The height has been previously calculated as:

h = (507 - 2pi r^3) / pi r^2

The Attempt at a Solution

I have worked out that:

h' = (-1014 - 2pi r^3) / pi r^3

I'm just not sure how to do the proving section though. I can do it without differentiating by replacing values for r in the h equation and also by graphing the h equation, but that doesn't answer the question as differentiation is not used. Any help would be greatly appreciated!

 

[chaoseverlasting]

Since the cone has constant volume, you can write it out as
$$V=\frac{\pi r^2h}{3}$$. Now, you can write out r and h in terms of the angle of the cone (that the curve makes with the base), differentiate the expression for the volume and show that its a monotonic function and use the relation b/w r and h to prove your result.

 

[HallsofIvy]

Homework Statement

'Use differentiation to prove that as the radius of the base of a cone increases, the height of the cone decreases.'

Well, that's NOT true is it? Perhaps you forgot to add "a cone with constant volume".

Homework Equations

The height has been previously calculated as:

h = (507 - 2pi r^3) / pi r^2

Where did you get that formula? Where is the "507" from? That equation is the same as $\pi r^2 h+ 2\pi r^3= 507$. The first term of that is 3 times the volume of a cone (or the volume of a cylinder) but I don't recognize the second term (except, perhaps, as (3/4) the volume of a sphere.)

The Attempt at a Solution

I have worked out that:

h' = (-1014 - 2pi r^3) / pi r^3

I'm just not sure how to do the proving section though. I can do it without differentiating by replacing values for r in the h equation and also by graphing the h equation, but that doesn't answer the question as differentiation is not used. Any help would be greatly appreciated!

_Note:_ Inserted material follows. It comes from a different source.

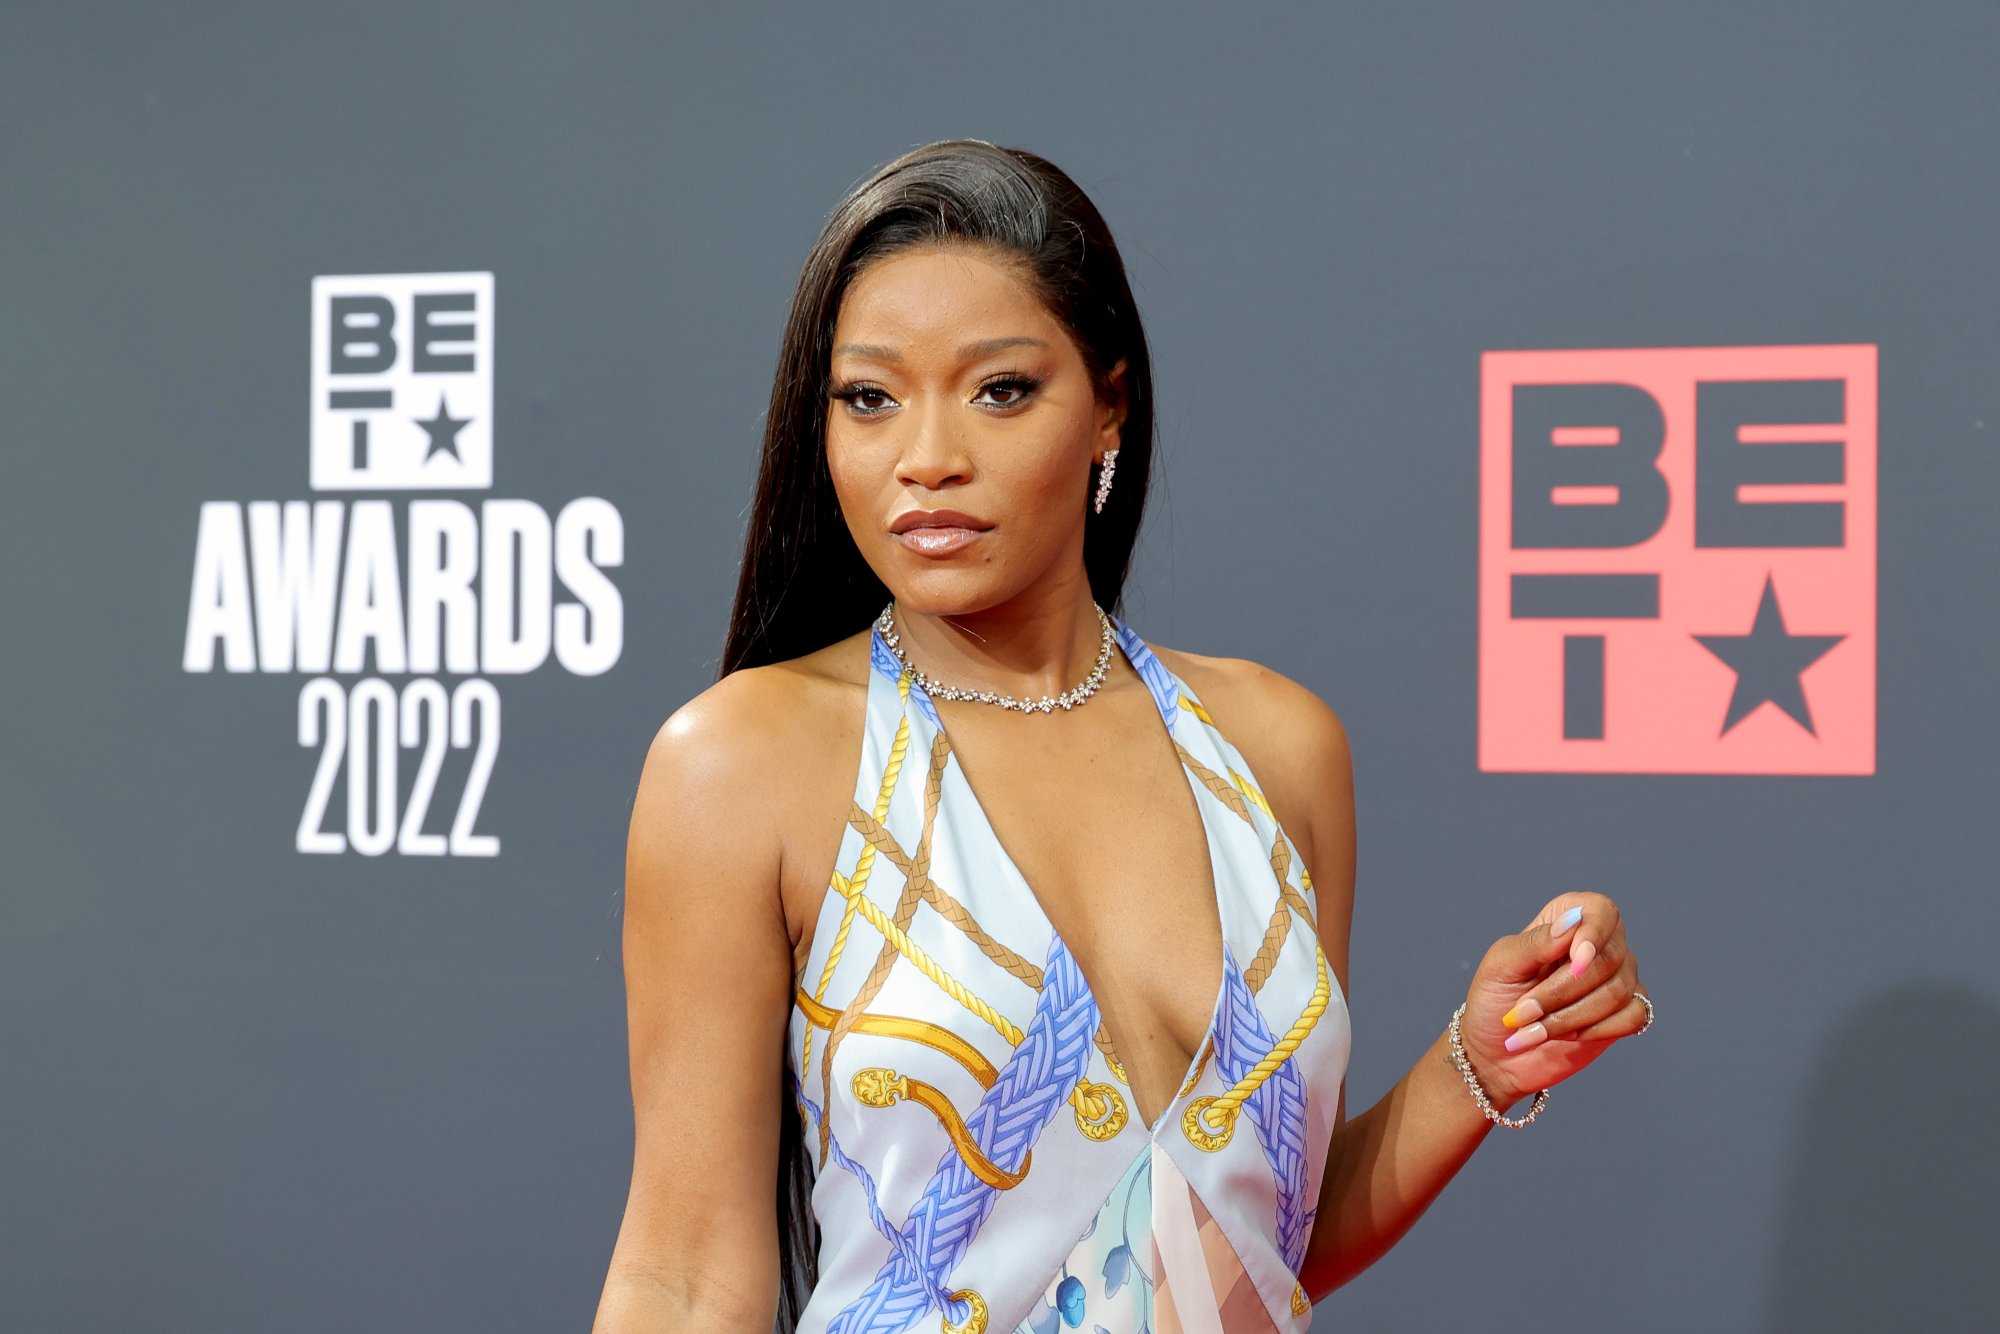 'Nope' actor Keke Palmer, who was compared to Zendaya wearing a white, blue, and gold dress with multicolored fingernails. She's standing in front of the BET Awards 2022 step and repeat.

Saying that "as the radius of the base of a cone (with constant volume?) increases, the height of the cone decreases" means that the derivative of the height, with respect to the radius, must be negative.

 

[casey123]

Yes, it is assuming the volume of the cone is constant. (Thanks for pointing that out!) The question is based around an application concerning ice-cream cones. The first part was to do with maximising the volume of ice-cream that could fit into a cone. The height expression was derived from those calculations.

I think i may have been a bit off track though, after reading your replies. Am I correct in saying that this question (of proving height decreases as radius increases) should concern only the volume of the cone, not the volume i have used (which includes the half-sphere of ice-cream on top)?

Do I then need to manipulate the volume expression so that it is in terms of h and r only, then find the derivative? If this derivative expression is negative is that proof that h decreases as r increases?

Sorry if I've confused anyone, and thanks again helping me. I really need it!